## The problem
Transcribe the listing exactly as written. Leave the images out.

## Provided data
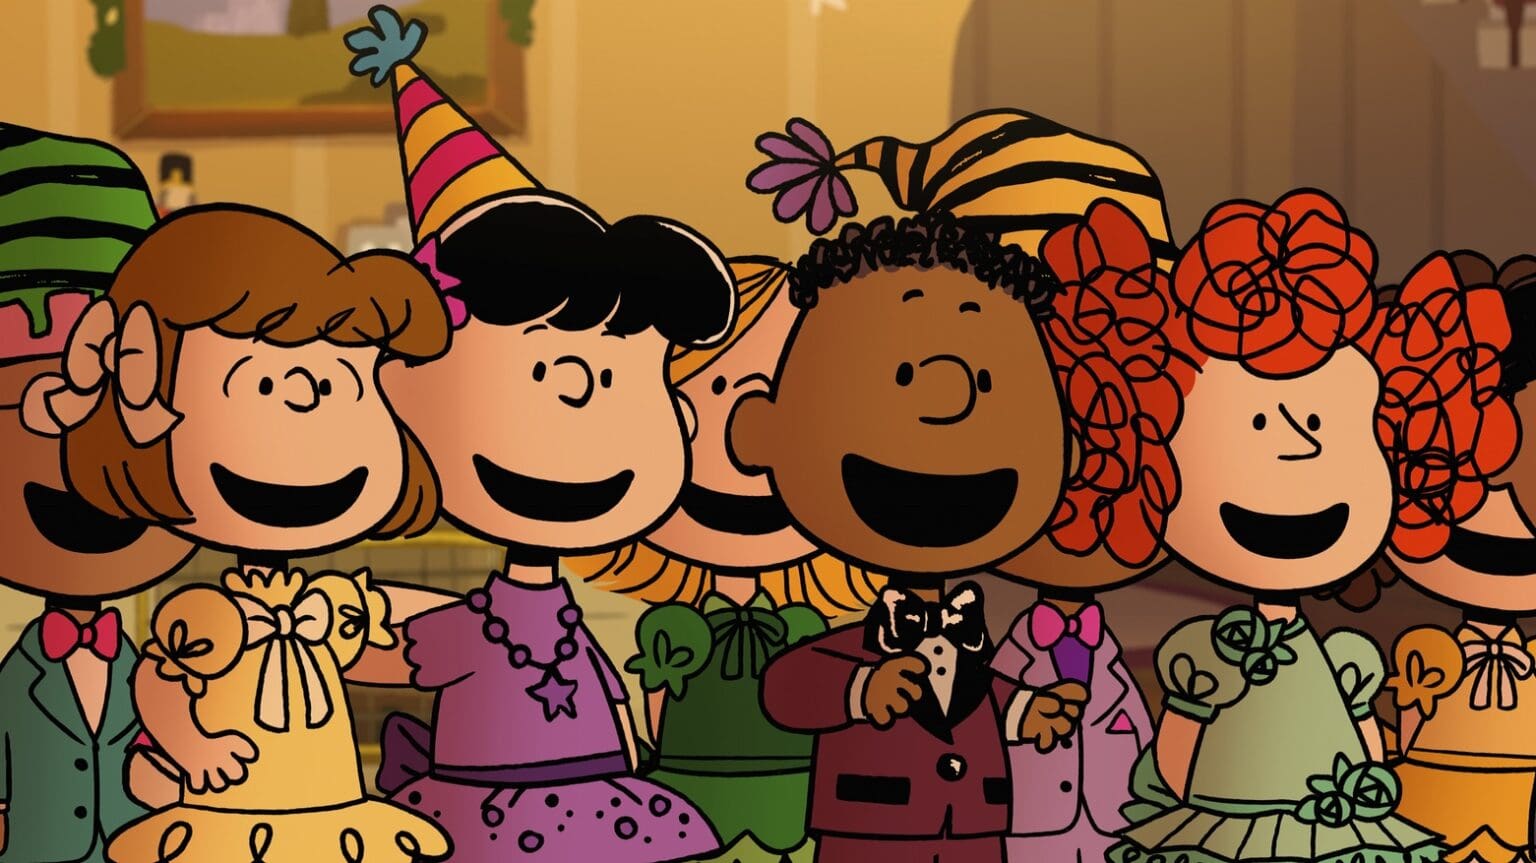 Lucy’s New Year’s Eve party bombs in trailer for new Peanuts special
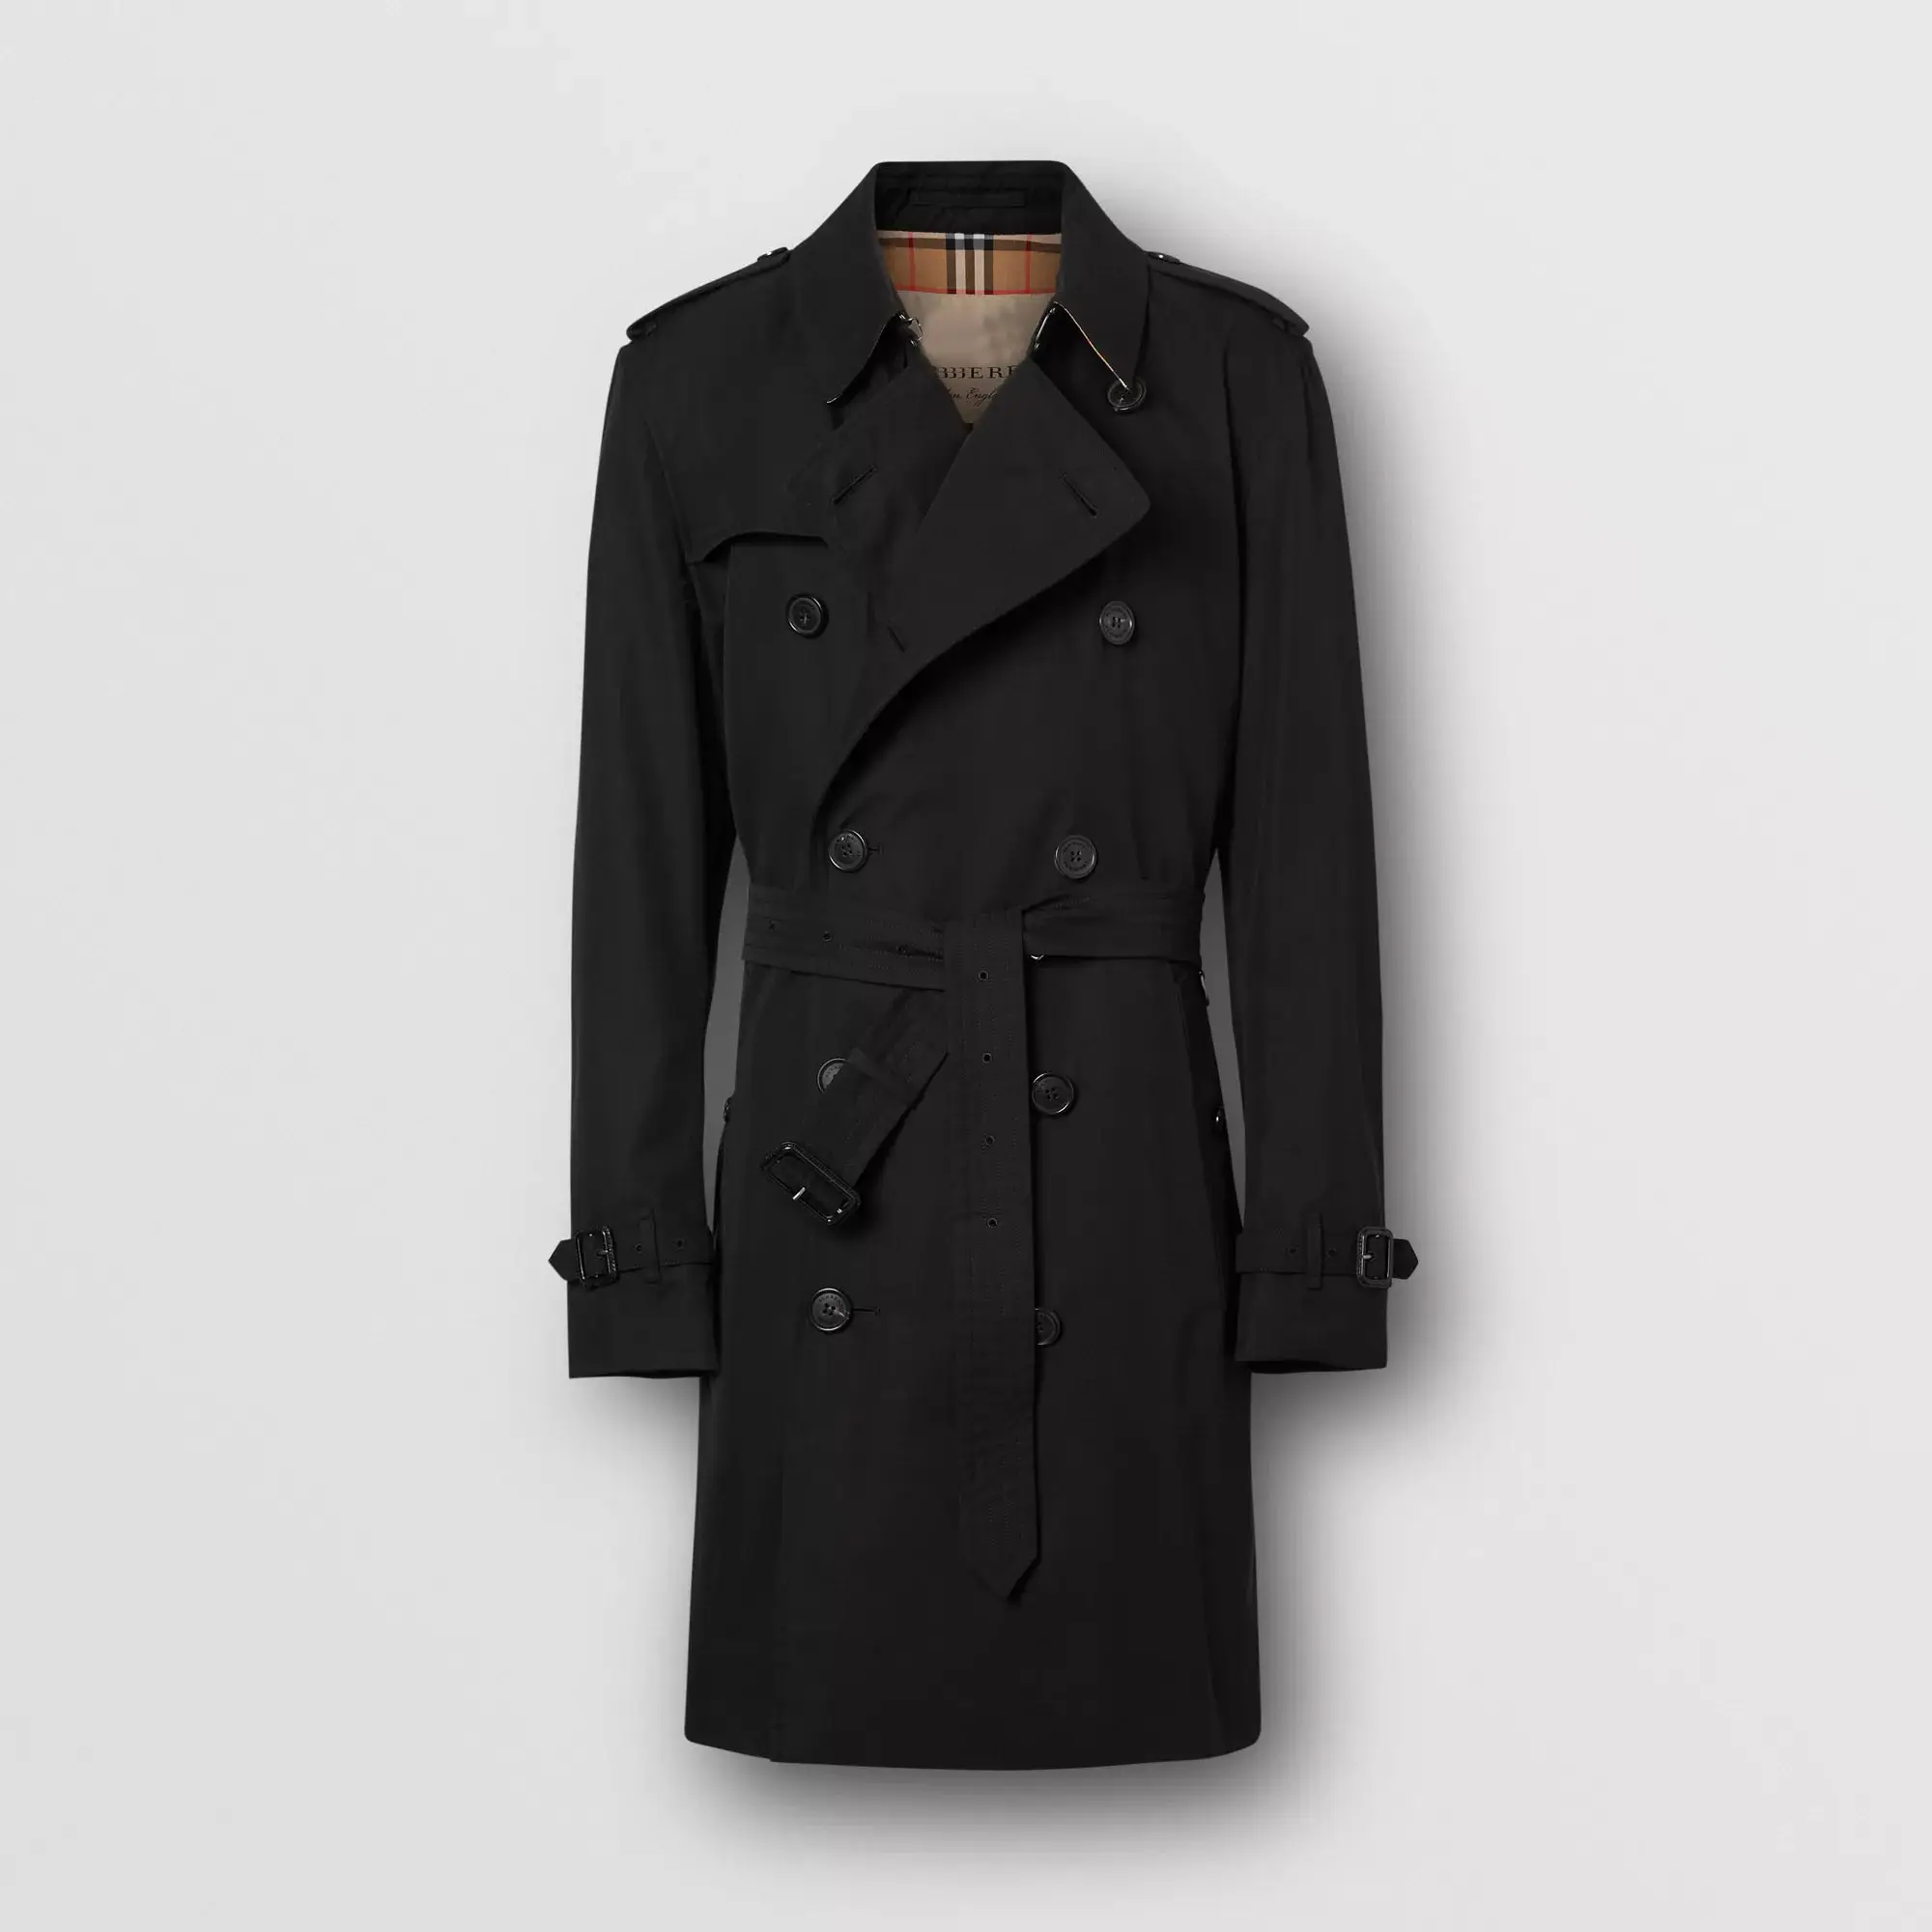 Best High Quality England Solid black Color Woolen Thick Long Trench Coat Men's Coat
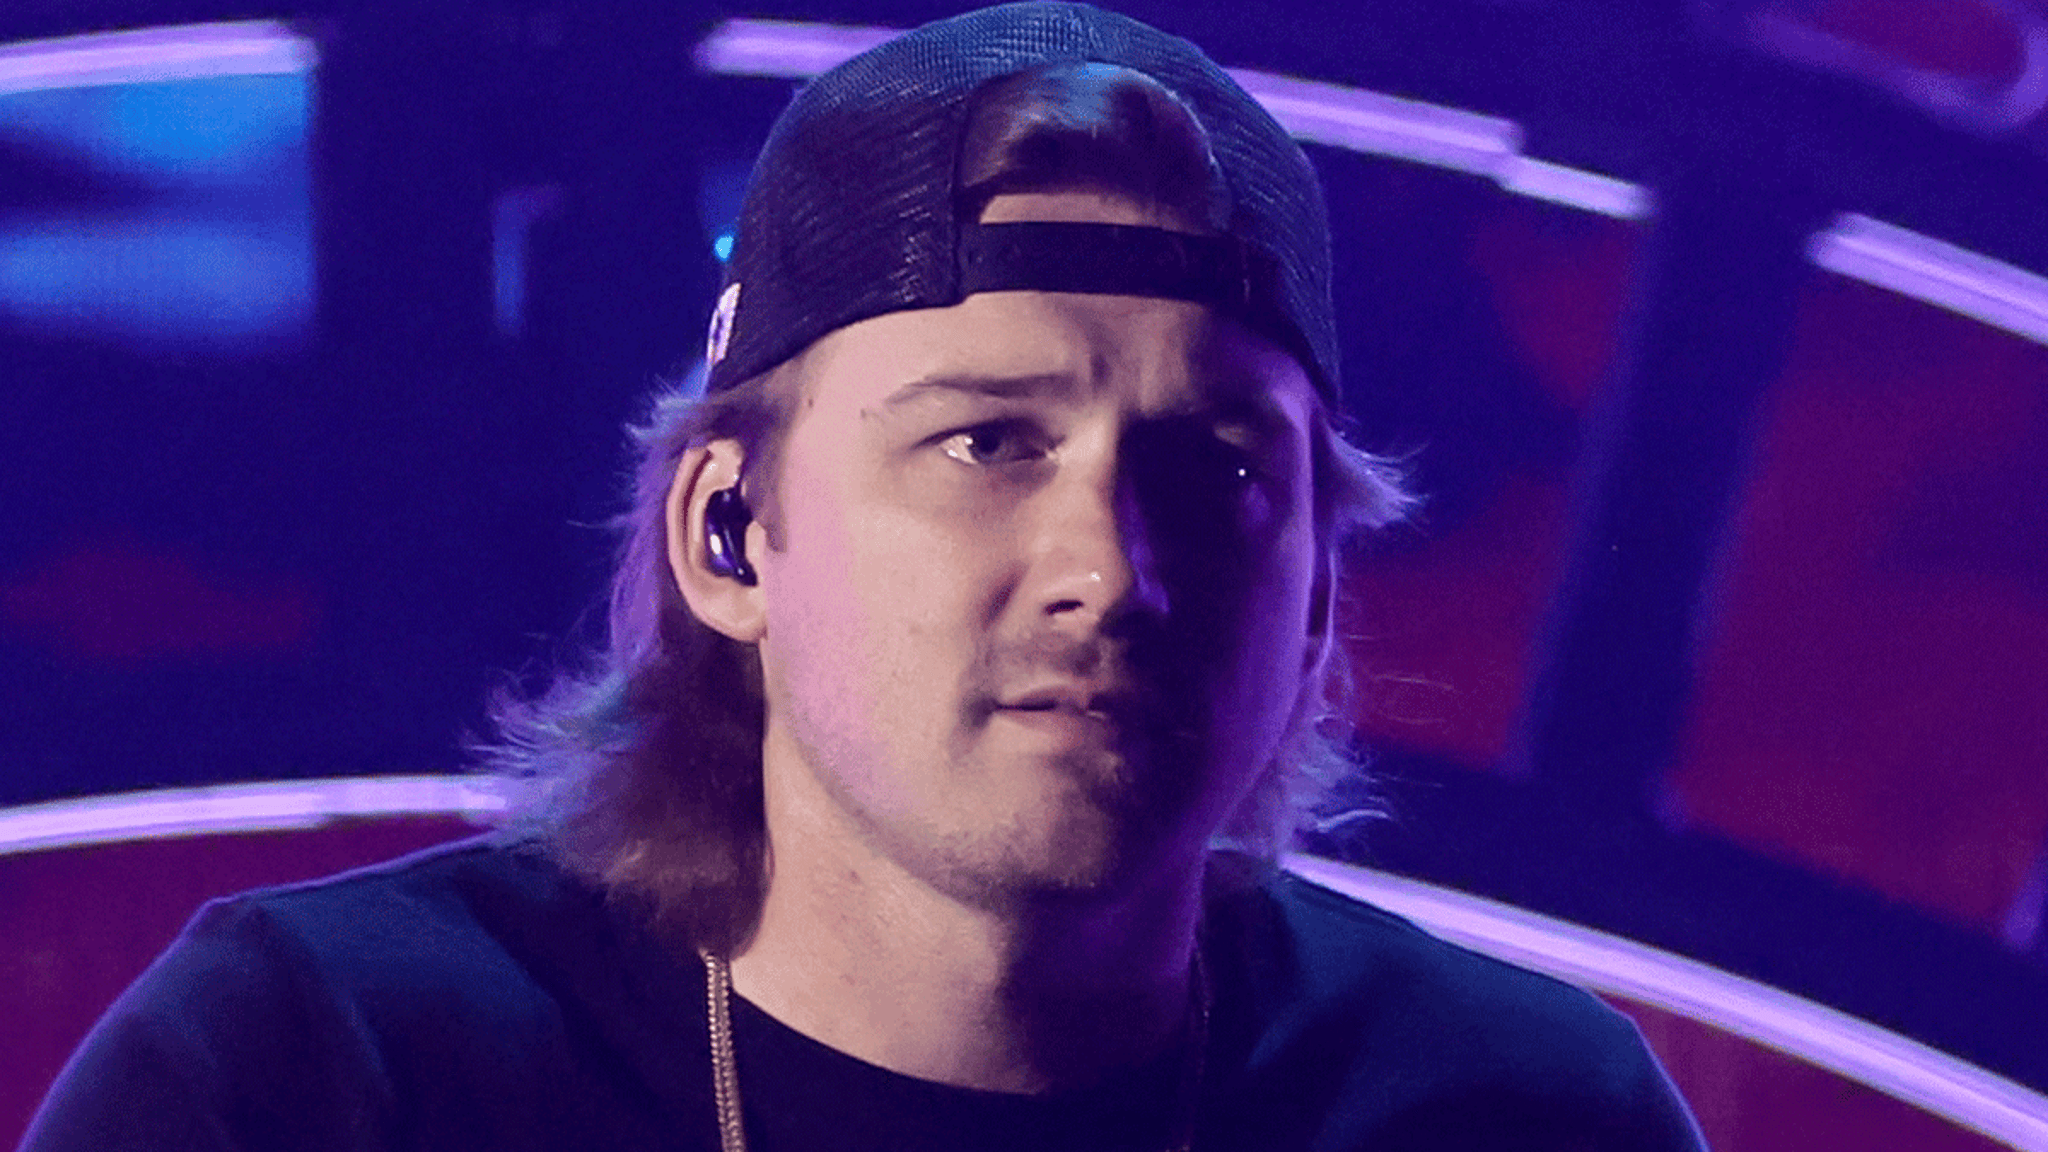 Morgan Wallen Caught Pouring Drink Down Woman's Blouse in Nashville Bar

## Answer to the exercise
 Lucy’s New Year’s Eve party bombs in trailer for new Peanuts special
 Best High Quality England Solid black Color Woolen Thick Long Trench Coat Men's Coat
 Morgan Wallen Caught Pouring Drink Down Woman's Blouse in Nashville Bar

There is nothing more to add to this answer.